The solution to this has a similar flavor as the simplex algorithm. The simplex algorithm deals with a convex region in n-dimensional space defined by the hyperplanes given from the inequalities of the original problem. This question deals with the infimum of the infinity norm. Just as the best solution to the simplex is one of the vertices of the convex region (called the simplex), the solution here is a vertex of a hyper-cube. The difference here is that the hypercube varies, depending on the vector for which the infinity norm the box represents.

Insert here image of vector in 2-d with box around it representing the max value of the vector's elements, with the box having smallest size when the vector rotates so that the box's corner and the vector meet.

My Answer:

Overview: To get within 90 degrees in every dimension of the desired vertex, start with the vector found through use of the SVD. The minimum singular value's vector is that vector. From there "follow" the surfaces and edges of the bounding box (hyper-cube) until the vertex is reached. The end result is a row $r$ with the following properties: $r$ has $m$ distinct elements of equal magnitude each with a value of $||r||_{\infty}$. That is, those $m$ values are the maximal value in $r$.

  1. Use the SVD to unitarily rowmix $A$ so as to have one row as described (the minimum SVD vector). Call this row the candidate row. Find the largest value or values in the row, denote those indices as $i$, and call them the box-points.
  2. Perform Householder or Givens on the other rows (not using the candidate row) so that only one row has non-zero element(s) in the box-point indices $i$, and also with matching sign relative to the box-points. Below in the section labeled "box rotation" is a description of how to achieve this. Call this row the reduction row.
  3. Find the best Givens rotation between the candidate row and the reduction row that lowers the values of the box-points. This will necessarily result in another point becoming larger to the point of becoming a box-point.
  4. Repeat steps 2 and 3 until there are no more rows with which to build a reduction row. The algorithm is finished.

Box Rotation To obtain a row with values equal in desired indices, use the basic operation I call a box rotation.

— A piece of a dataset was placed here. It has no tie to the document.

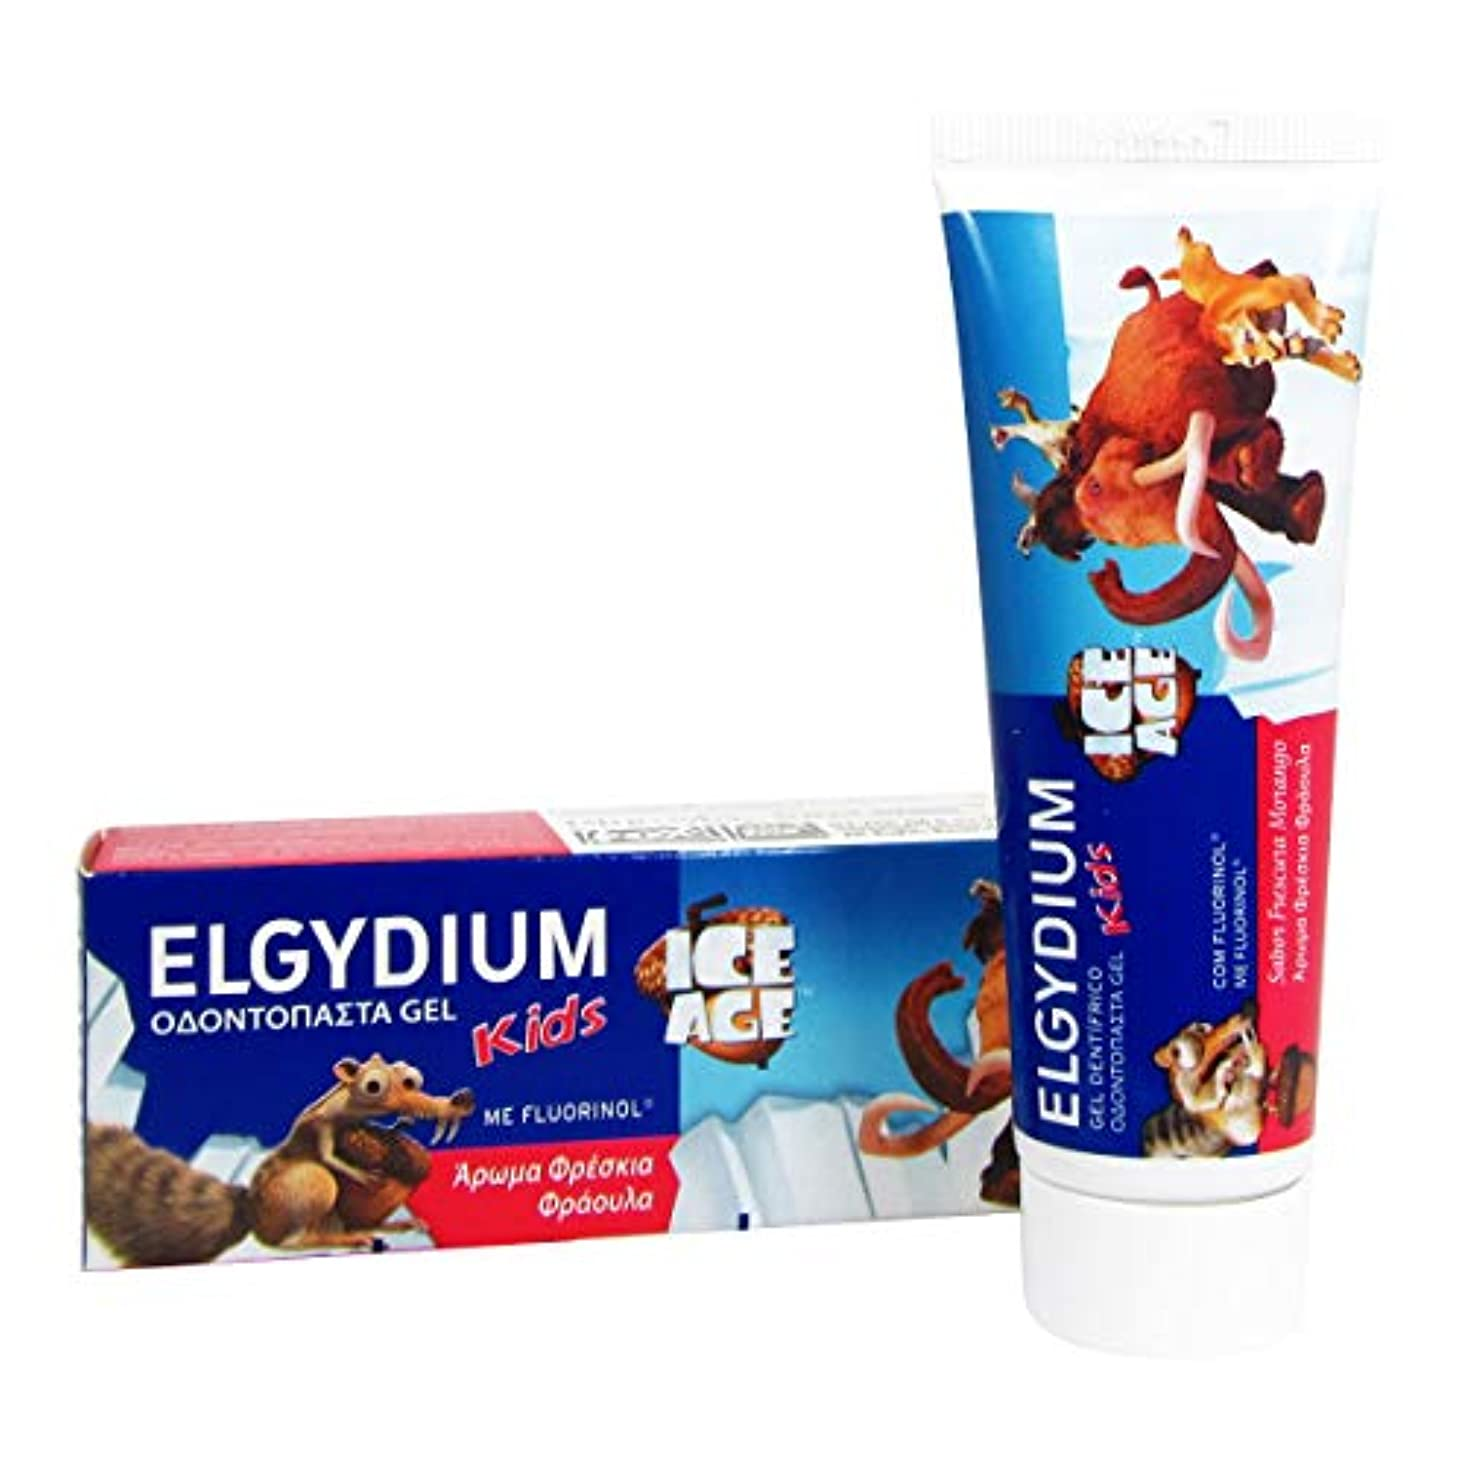 十年養うスロベニアElgydium Kids Ice Age Toothpaste Toothpaste Gel 50ml [並行輸入品]

$$\pmatrix{\gamma & \sigma \\ -\sigma & \gamma}\pmatrix{a & b \\ c & d} = \pmatrix{\star & \star \\ z_0 & z_0 \\} \tag{1}$$ $$\pmatrix{\gamma & \sigma \\ -\sigma & \gamma}\pmatrix{a & b \\ c & d} = \pmatrix{\star & \star \\ z_0 & -z_0 \\} \tag{2}$$ (1) requires solving $$-\sigma a + \gamma c= -\sigma b + \gamma d = z_0$$ which simply gives $$ \frac{\sigma}{\gamma} = \frac{d-c}{b-a} $$

(2) requires solving $$-\sigma a + \gamma c= \sigma b - \gamma d = z_0$$ which simply gives $$ \frac{\sigma}{\gamma} = \frac{d+c}{b+a} $$

From here the idea is to keep a set of equal and maximal values that are ever diminishing until all the rows are exhausted. If $m$ maximal values in the row are achieved, then the row represents the corner of a hyper-cube, thus is the smallest possible in the infinity norm.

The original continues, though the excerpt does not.